→ **DATASET SECTION**
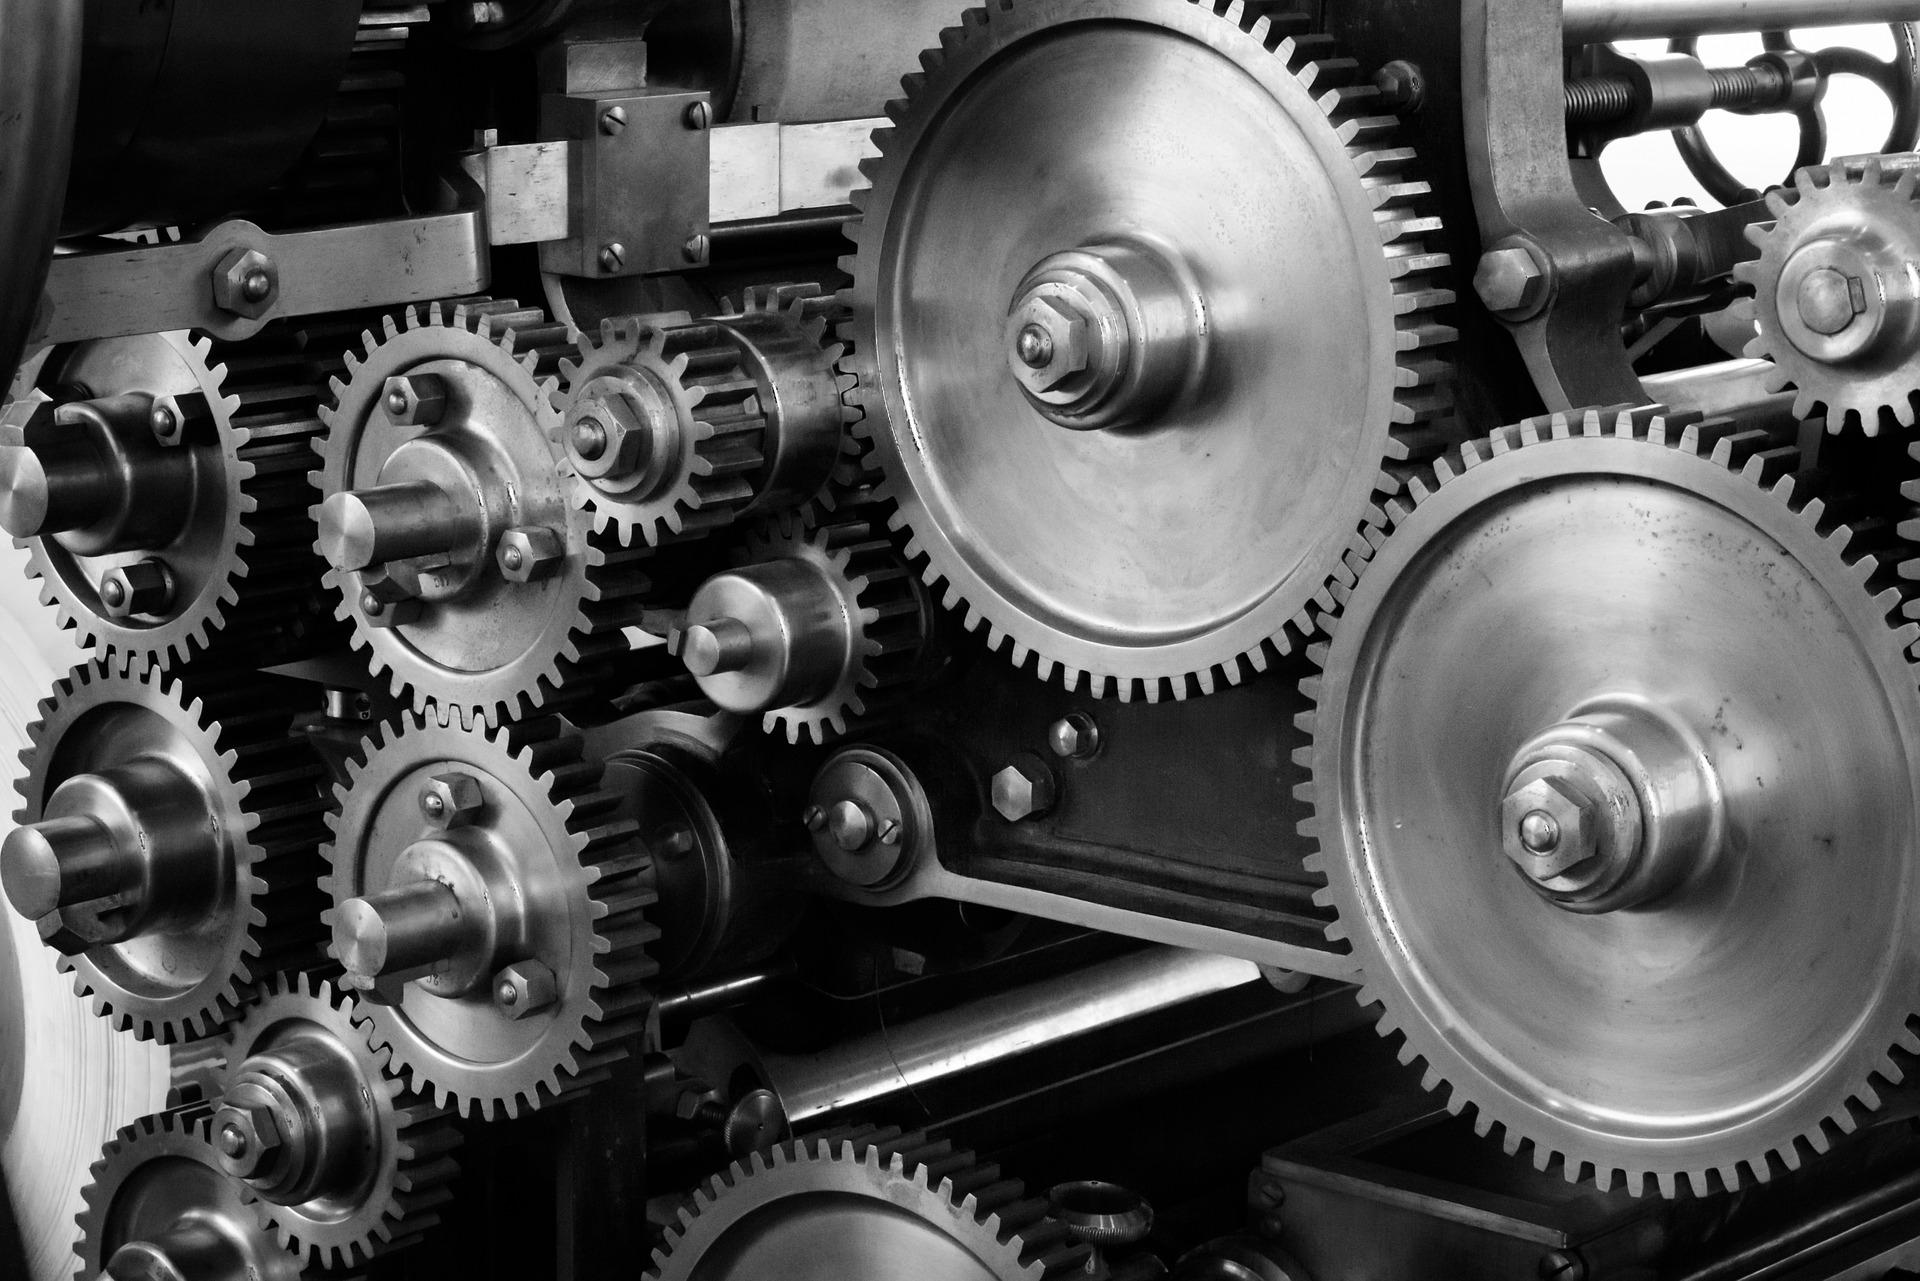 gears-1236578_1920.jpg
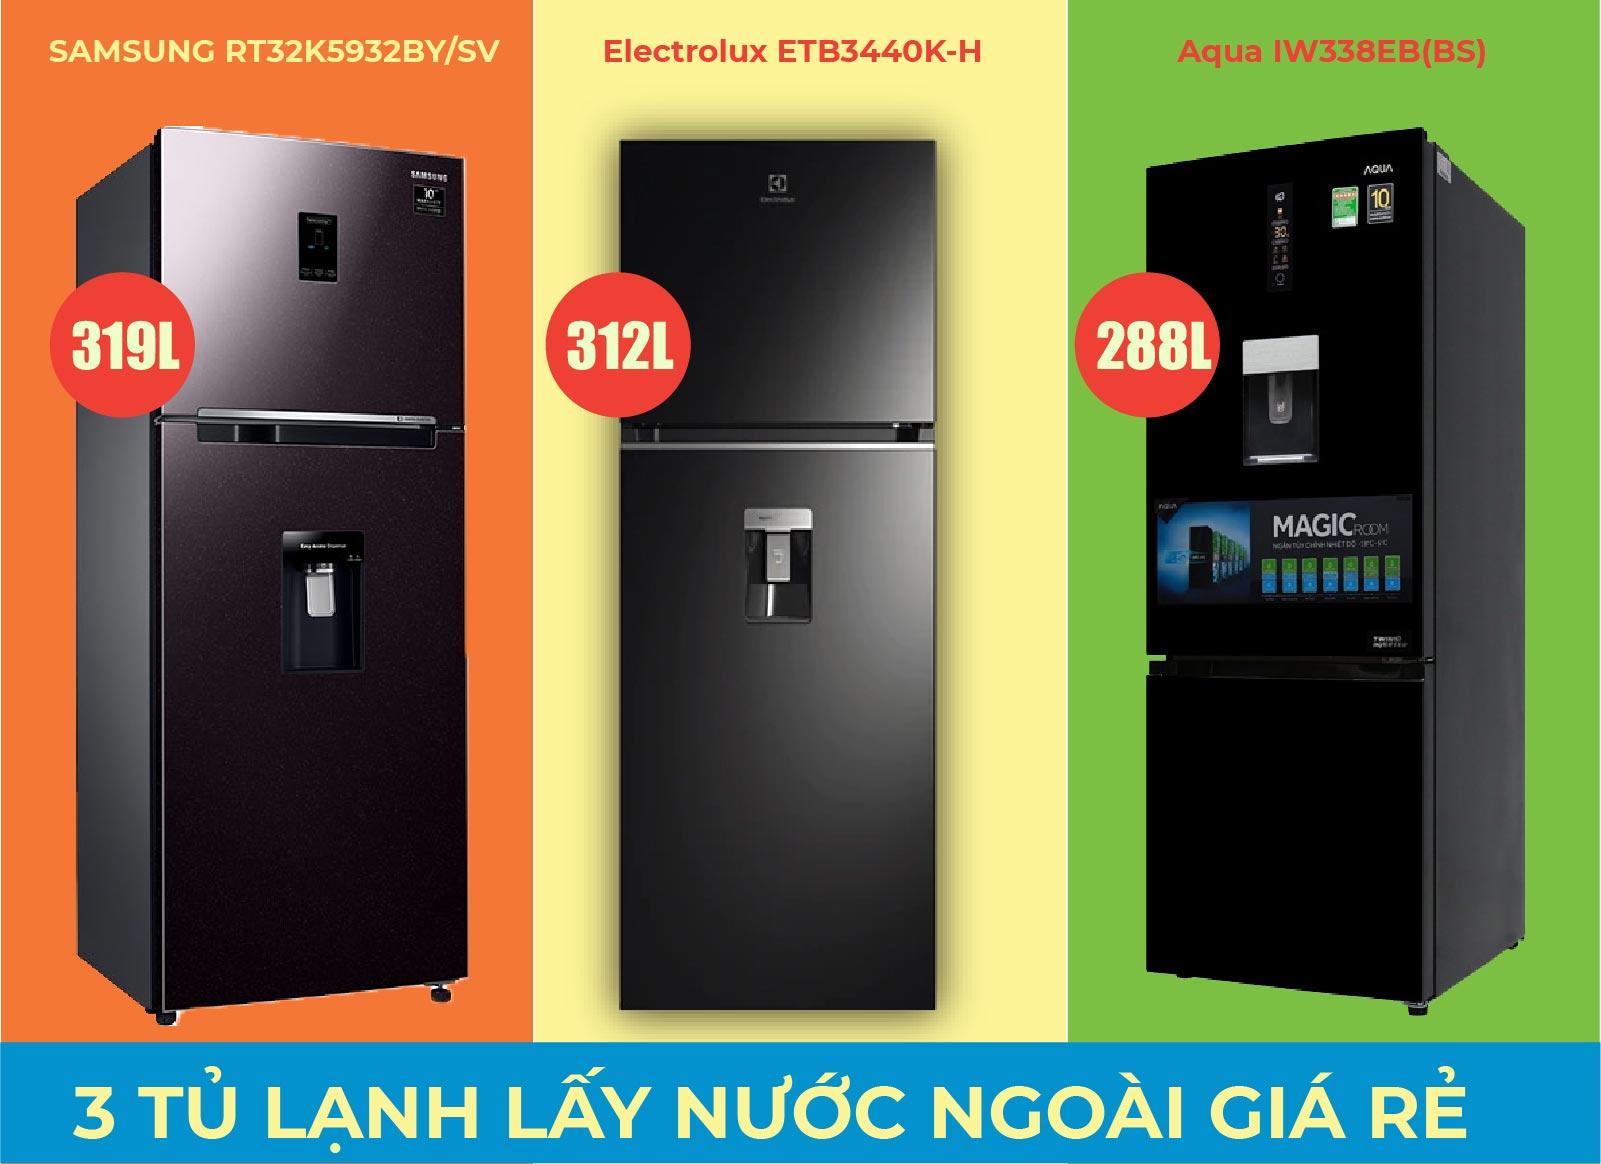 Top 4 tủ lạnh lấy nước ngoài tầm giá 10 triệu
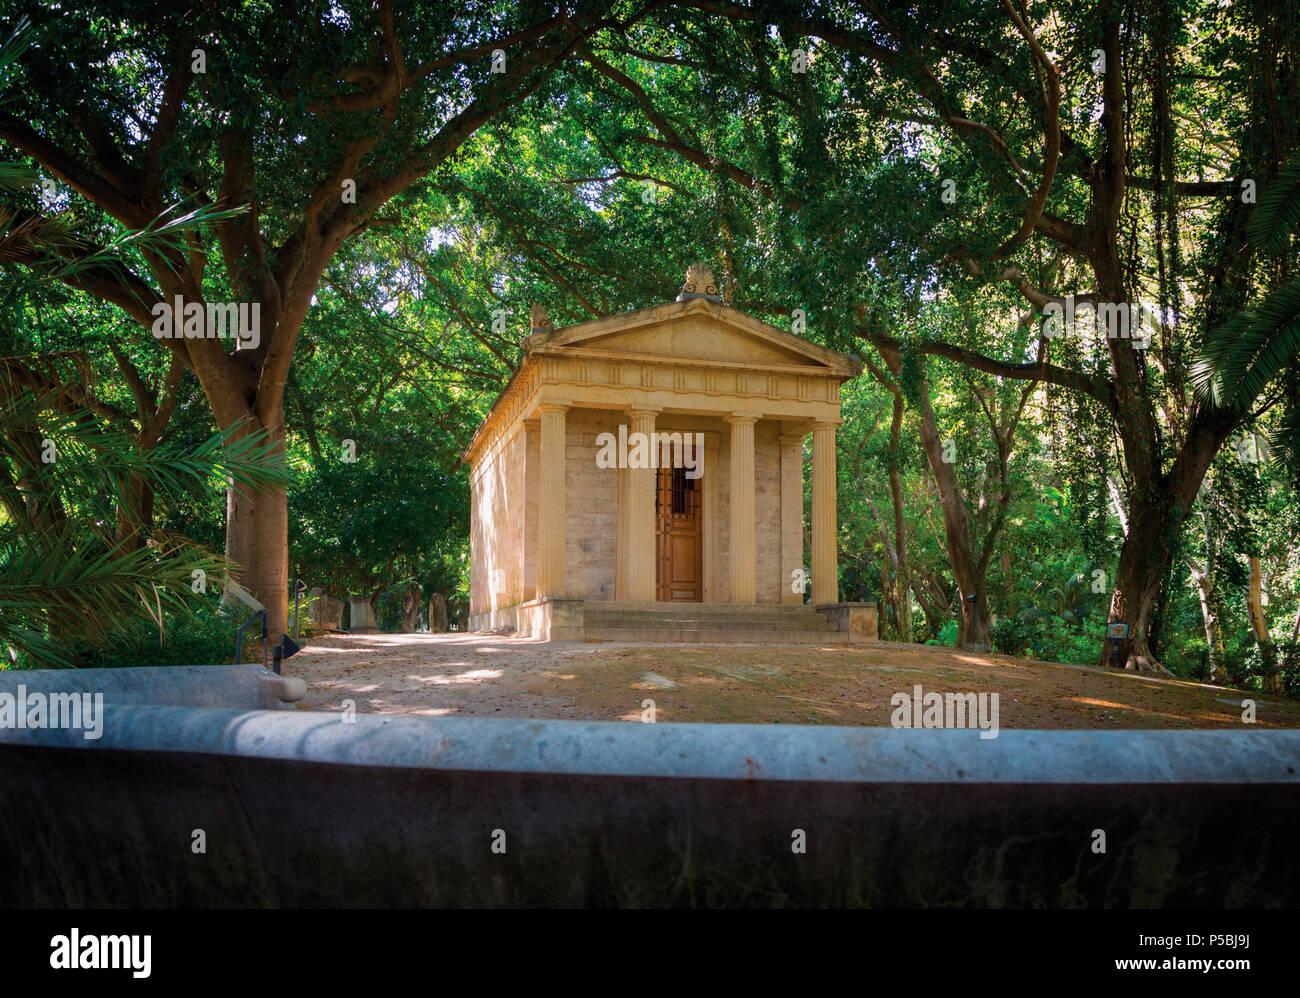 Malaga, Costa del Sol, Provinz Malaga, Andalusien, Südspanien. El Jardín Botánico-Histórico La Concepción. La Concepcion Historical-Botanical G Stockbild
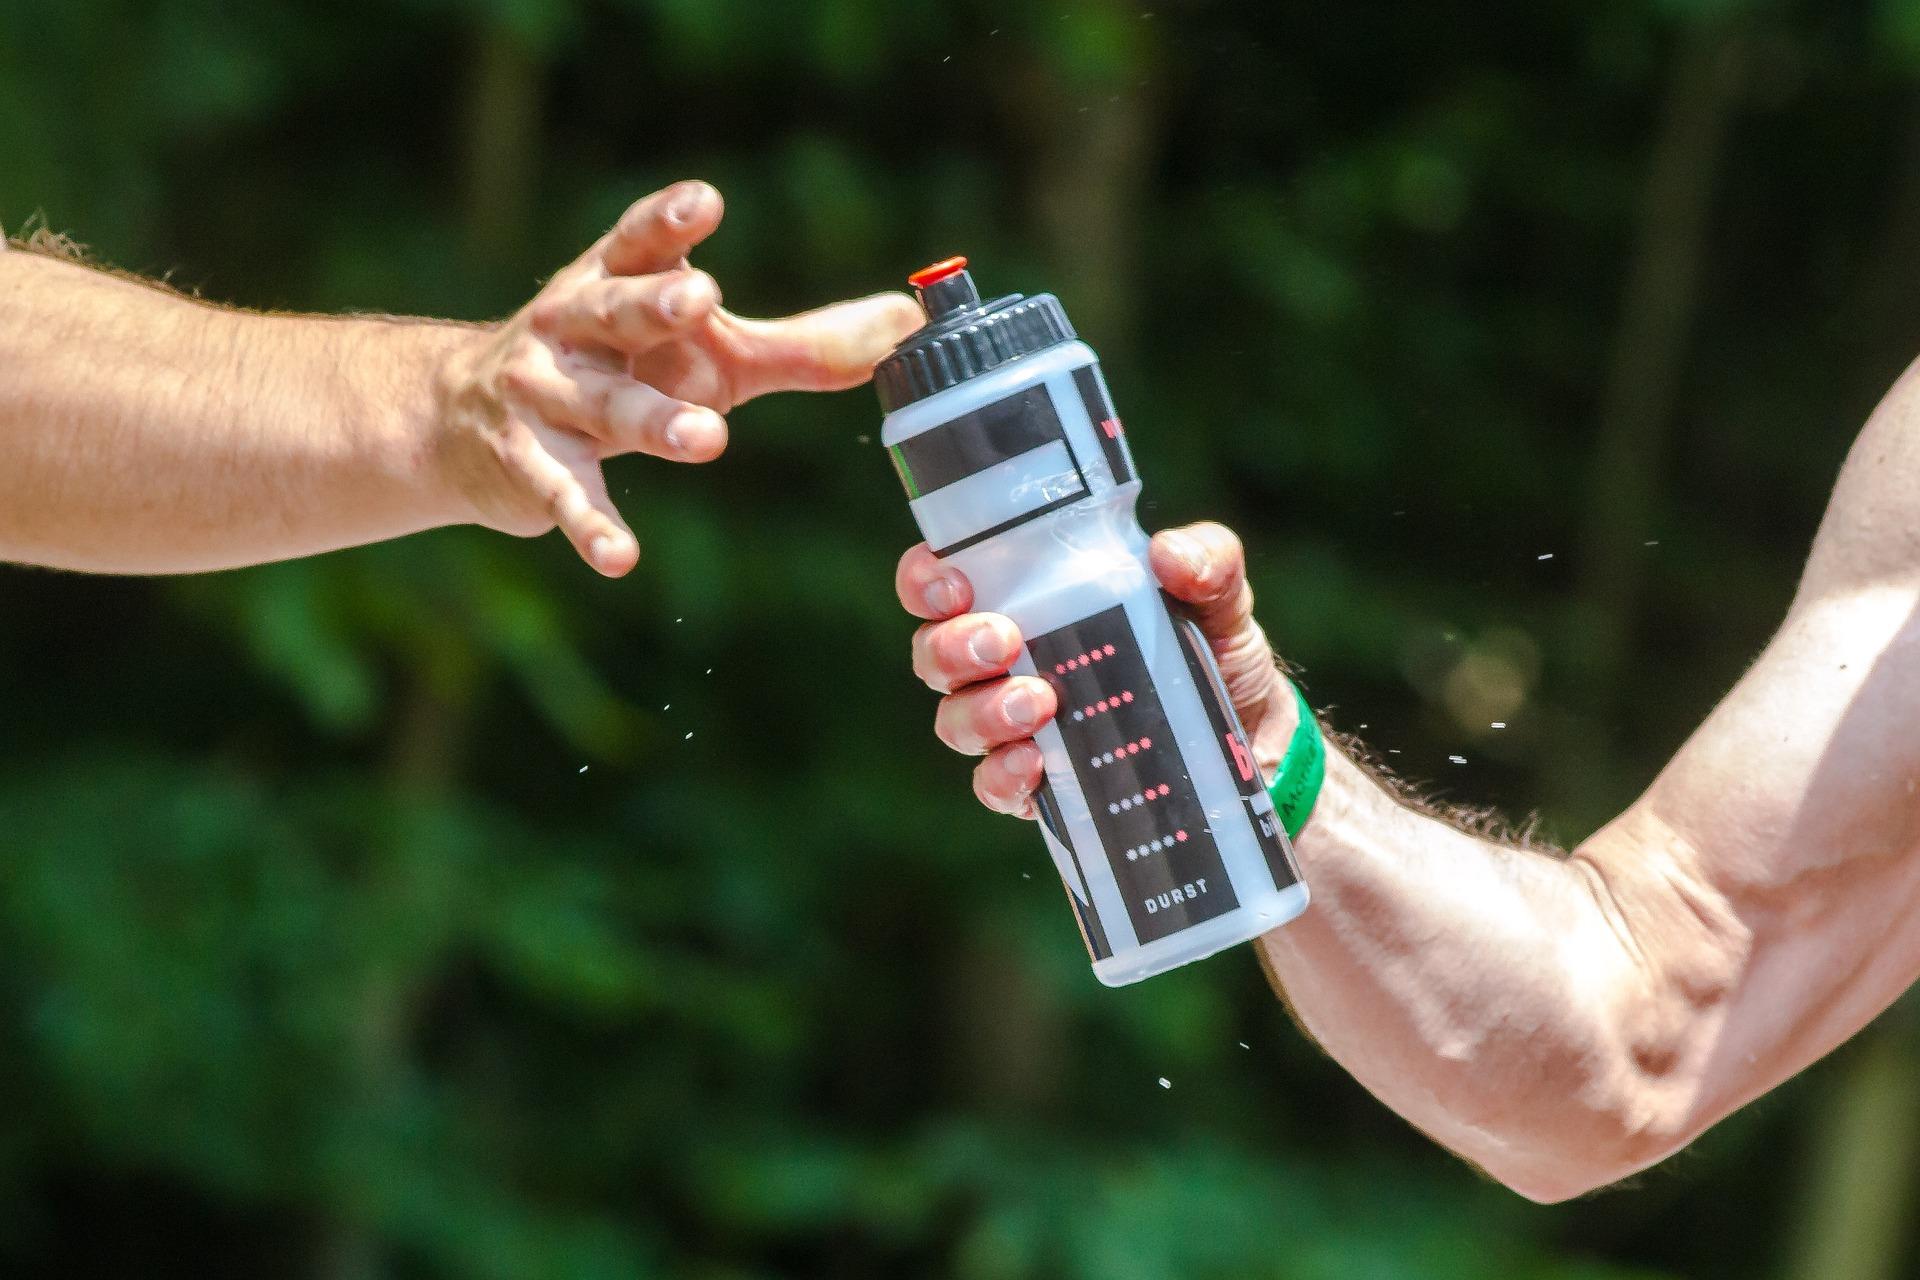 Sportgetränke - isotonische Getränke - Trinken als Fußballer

→ **EXERCISE DIRECTIONS**
Word for word, restate all of the material, omitting the images.

→ **WORKED SOLUTION**
 gears-1236578_1920.jpg
 Top 4 tủ lạnh lấy nước ngoài tầm giá 10 triệu
 Malaga, Costa del Sol, Provinz Malaga, Andalusien, Südspanien. El Jardín Botánico-Histórico La Concepción. La Concepcion Historical-Botanical G Stockbild
 Sportgetränke - isotonische Getränke - Trinken als Fußballer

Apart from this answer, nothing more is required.